**Work to be completed**. Return each line exactly, beginning with the one that has "Mercedes Sprinter Long" and finishing with the final line of the material. Drop any pictures.

START Data provided

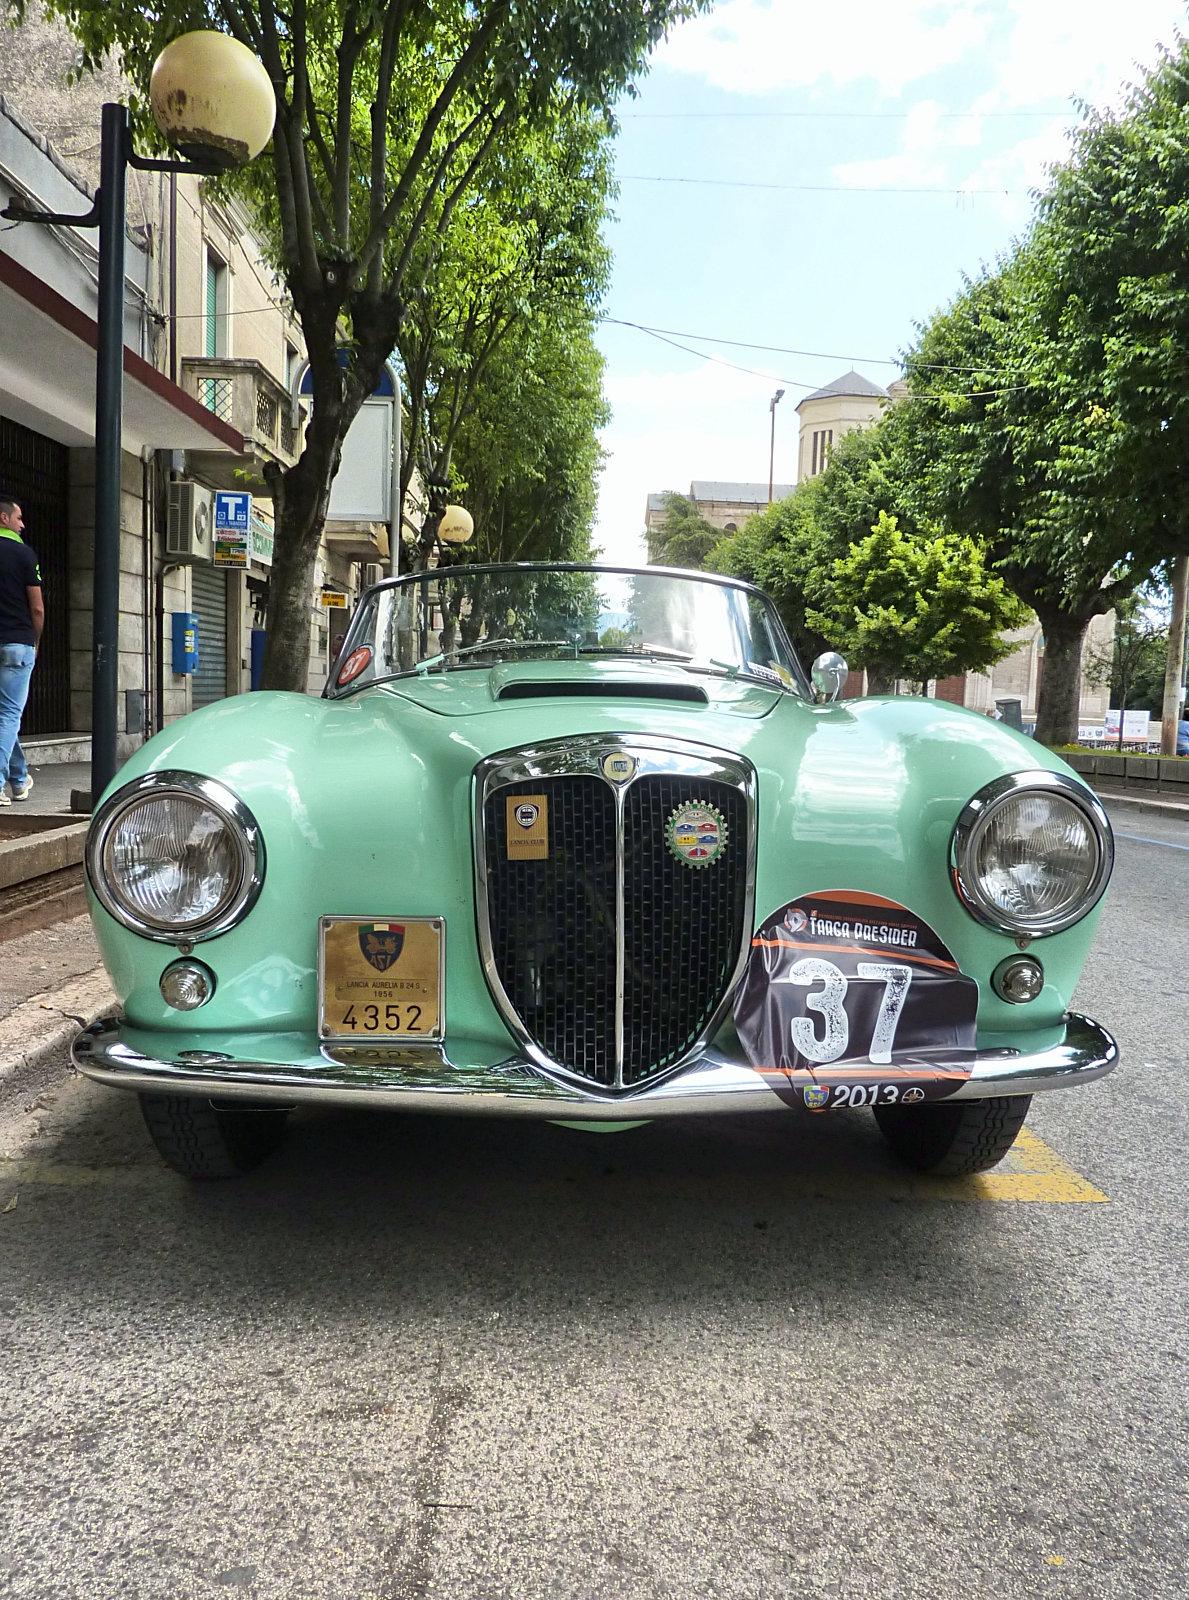 Lancia Aurelia B24 Spyder 110964 additionally Alfa romeo Giulia as well Young Girl Drives A Gumpert Apollo Around Monaco Like A Boss likewise 1970 Ferrari Dino 246 GT photo additionally Lancia Fulvia 1 2 Coupe 1967. on lancia spider
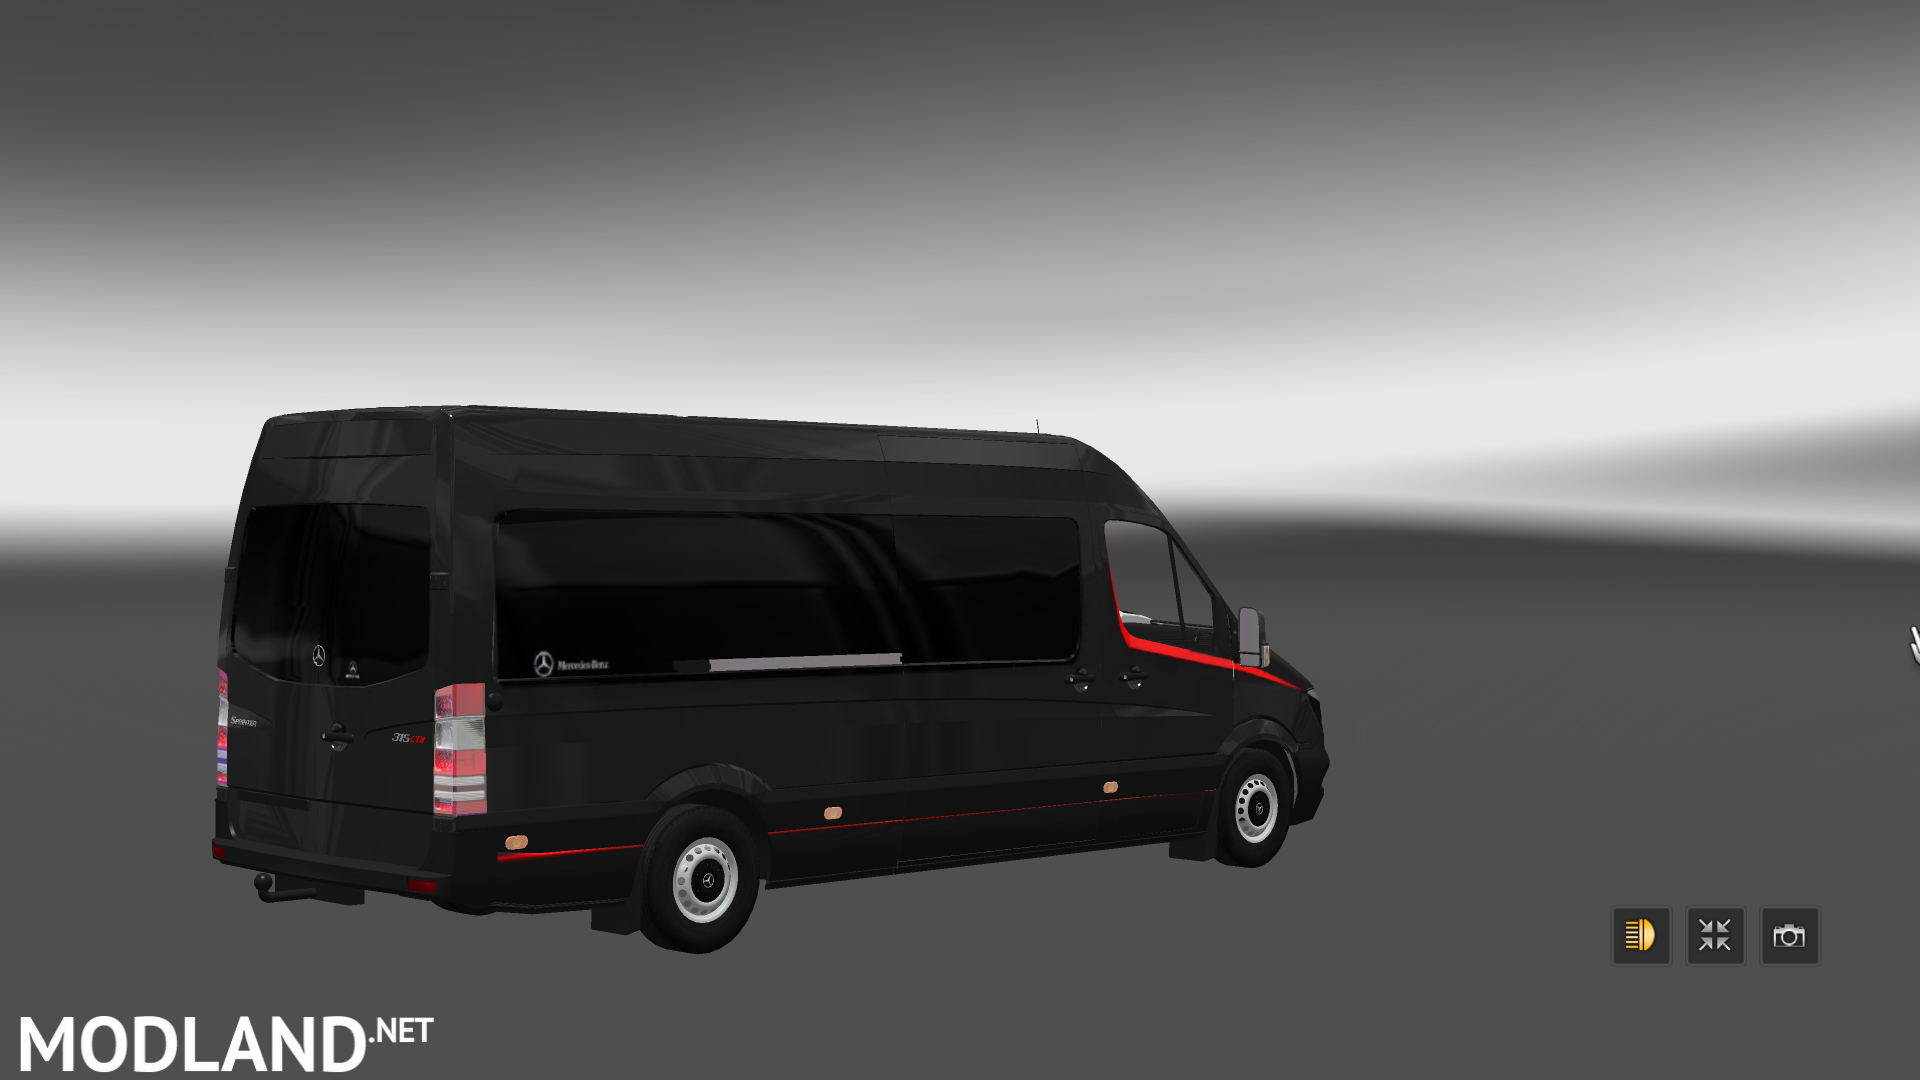 Mercedes Sprinter Long 2014 Minibus Skin Pack V 1 1 Mod
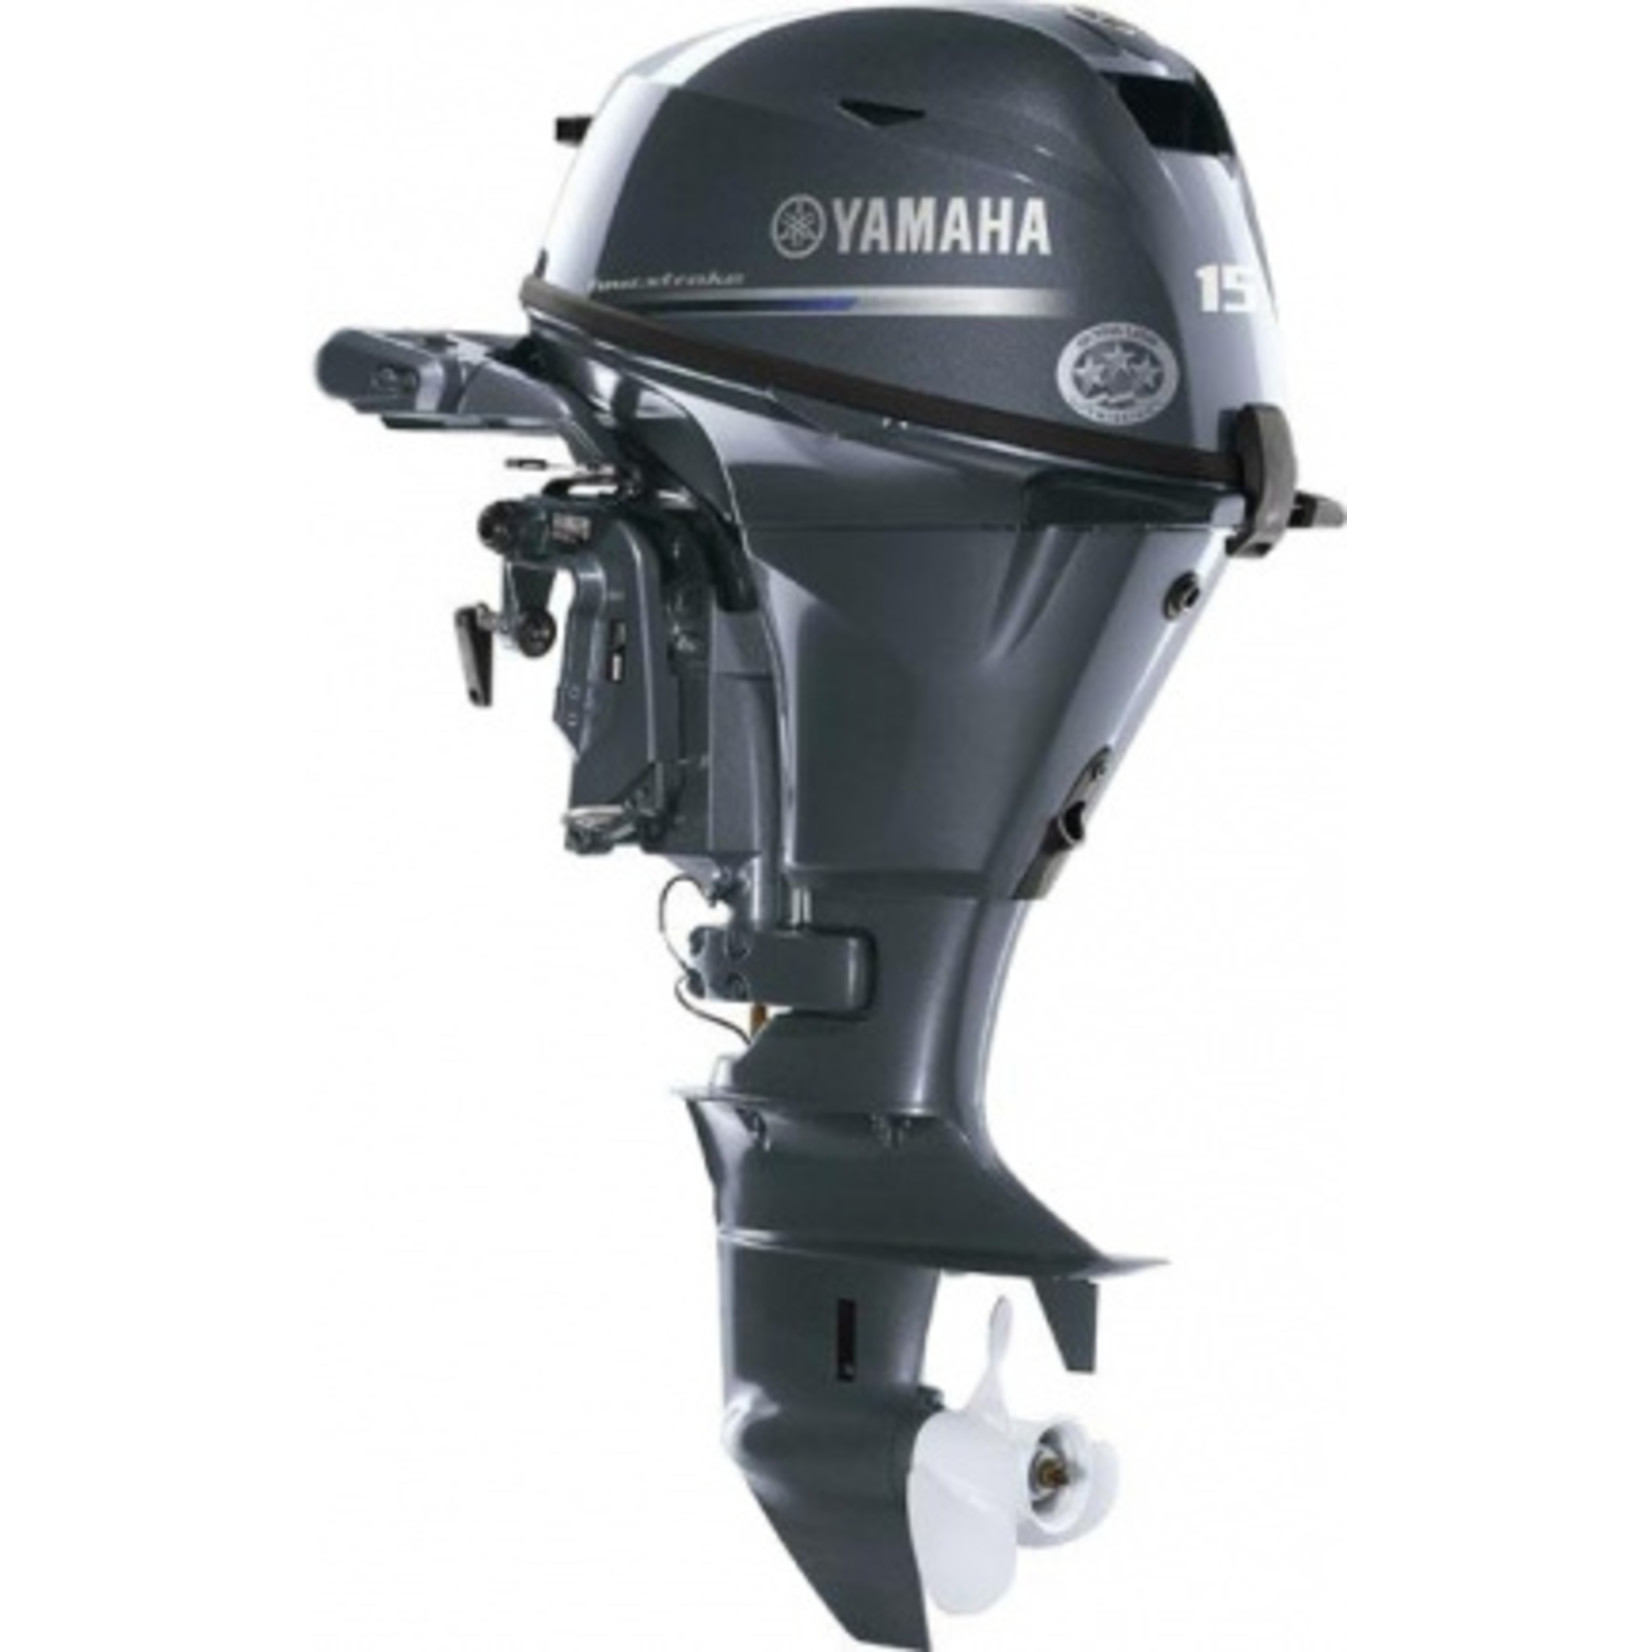 Yamaha Yamaha 15HP CES outboard engine
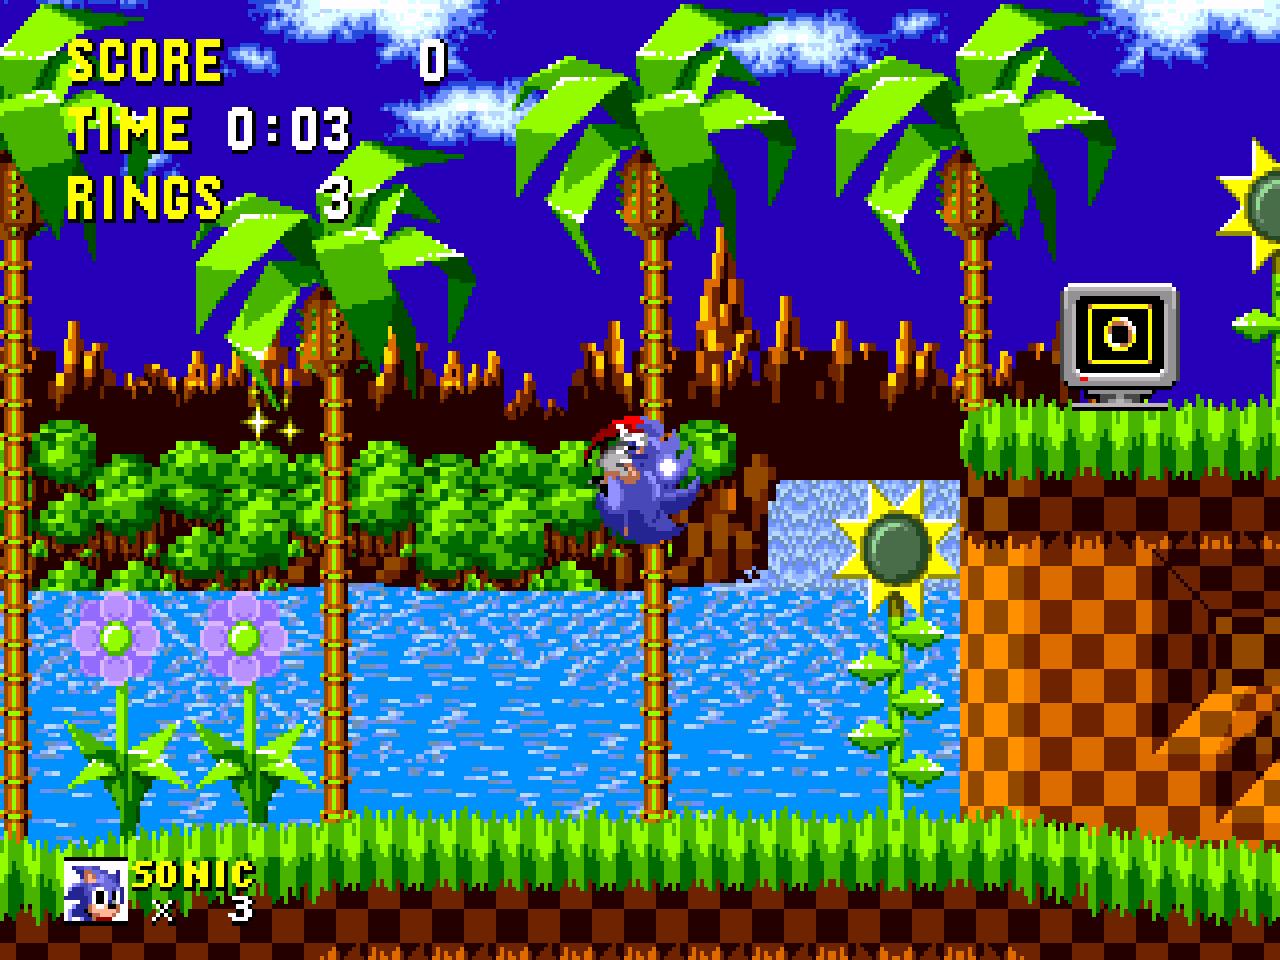 Sonic the Hedgehog Screenshots | GameFabrique

END Data provided

**Finished exercise**.
 Mercedes Sprinter Long 2014 Minibus Skin Pack V 1 1 Mod
 Yamaha Yamaha 15HP CES outboard engine
 Sonic the Hedgehog Screenshots | GameFabrique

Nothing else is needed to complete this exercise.